Not least of these are the US and its longtime foe Iran, both of which share a mutual ally in Iraq. Both countries have deployed military personnel to provide support of various kinds to government forces. There had even been speculation of cooperation between the two.
However, support for Iraqi Prime Minister Nouri al-Maliki from his Shiite allies in Tehran is wavering, The Associated Press reported. Sources told AP that Iranian President Hassan Rouhani thinks Maliki should stand down to avoid Iraq splitting into three, although Iran’s supreme leader, Ayatollah Ali Khamenei, would like to see him remain in his post.
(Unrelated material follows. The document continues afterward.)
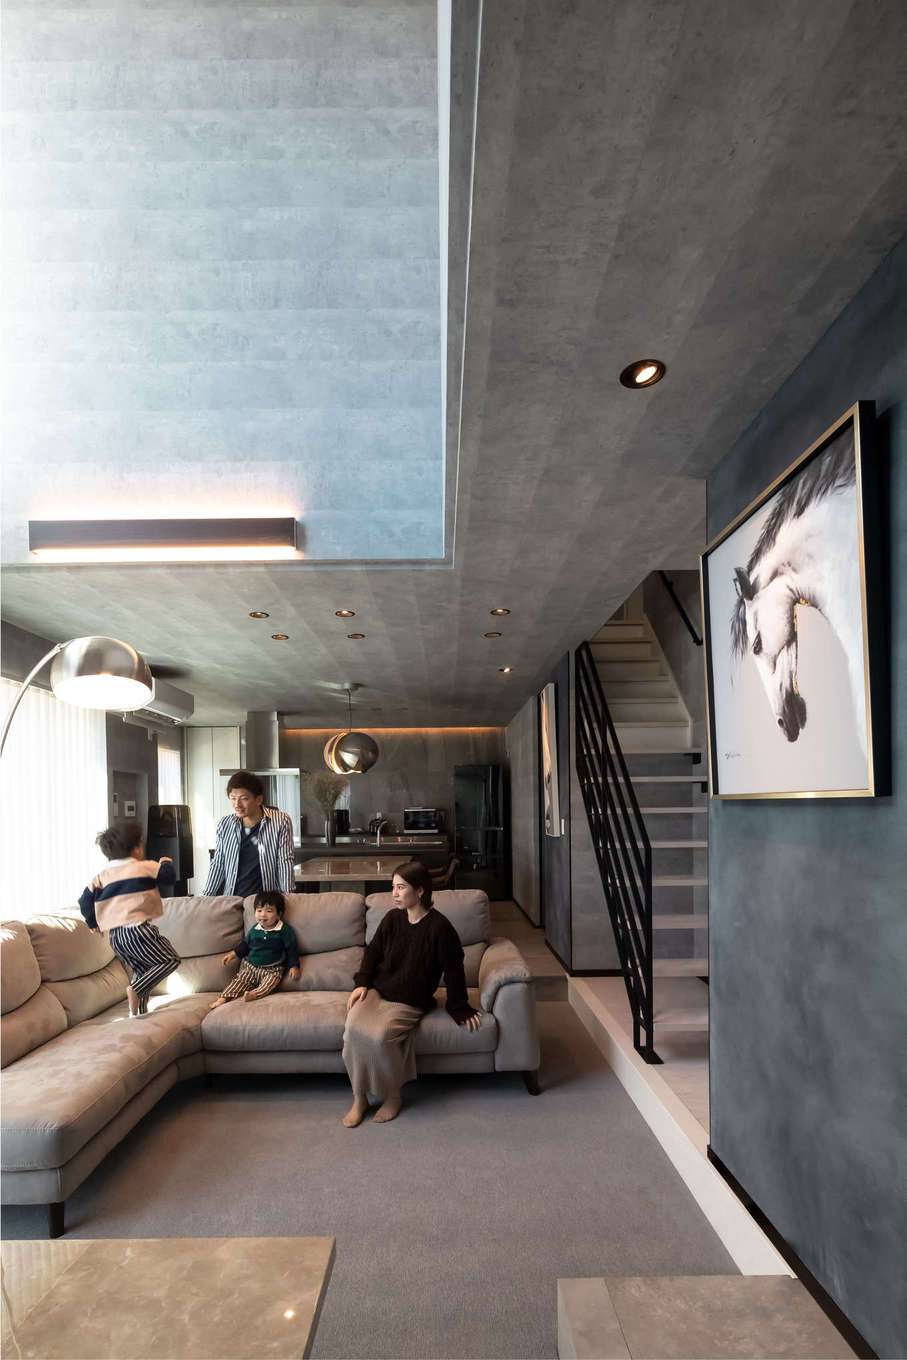 幸和ハウジング【デザイン住宅、趣味、屋上バルコニー】吹抜けのリビングは床を一段下げて縦の空間の広がりを強調し、いっそう開放的に。また、カーペット敷きにしてラグジュアリー感を演出した

High-ranking Iranian general Ghasem Soleimani recently returned home after meetings with Shiite politicians with a list of possible alternative candidates for Maliki's position, the sources added, and is expected back in Baghdad soon to inform Iraqi politicians of Iran's favorite prime ministerial candidate.
Pressure is growing to form a new government. Iraq's top Shiite cleric, Grand Ayatollah Ali Sistani, today urged the country's different political blocs to agree on the next prime minister, parliament speaker, and president before parliament meets on July 1. In a speech read by his aid at a shrine in Karbala, Sistanti said: "What is required of the political blocs is to agree on the three presidencies [PM, speaker and president] within the remaining days to this date," the AP reported. Sistani has previously called for a new parliament to be formed and also told his followers to fight ISIS.
Meanwhile, Iraq is looking more divided than ever. The leader of Iraqi Kurdistan Massud Barzani today said that Kurds would not relinquish power over the oil-rich and ethnically diverse city of Kirkuk, as well as other towns, which are currently being held and defended by Kurdish fighters. Kirkuk is part of an area of land that Iraqi Kurds wish to absorb into their autonomous enclave in the north of the country.
"We have been patient for 10 years with the federal government to solve the problems of these [disputed] areas," Barzani said, speaking at a a news conference held with UK Foreign Secretary William Hague, AFP reported. "There were Iraqi forces in these areas, and then there was a security vacuum, and peshmerga forces went to fill this vacuum."
If, or when ISIS are kicked out of northern Iraq, however, the central government in Baghdad is unlikely to voluntarily give up control of Kirkuk. Senior Kurdish officials previously told VICE News that they would welcome Iraqi armed forces back to the city.
Human Rights Watch (HRW) said today that analysis of photographs and satellite imagery strongly indicate that ISIS killed between 160 and 190 men in Tikrit after seizing the city on June 11. ISIS claimed to have "exterminated" 1,700 Shiite soldier on June 12 and subsequently posted photographs apparently showing the executed men.
“The photos and satellite images from Tikrit provide strong evidence of a horrible war crime that needs further investigation,” HRW emergencies director Peter Bouckaert said. “ISIS apparently executed at the very least 160 people in Tikrit.”
HRW said that the real number of victims could be much higher, but that difficulty in accessing the area and locating bodies made a full investigation impossible.
Summary executions may be taking place on both sides. On Monday a number of prisoners died while being transferred to a Baghdad jail. Officials said the convoy transporting the prisoners was attacked by militants and that 10 were killed in the resultant firefight. However, sources told Reuters that all 69 were killed by police. Just a few days ago, 44 prisoners were killed in Baquba, north of Baghdad. Again, versions of events differed.
The killings may be taking place to avoid the risk of militants freeing them to fight again — ISIS has targeted prisons where its fighters have been held in the past, However, they hark back to a cycle of brutal sectarian violence which took place in Iraq between 2006 and 2008. This time, without the presence of the US military, things could get even worse.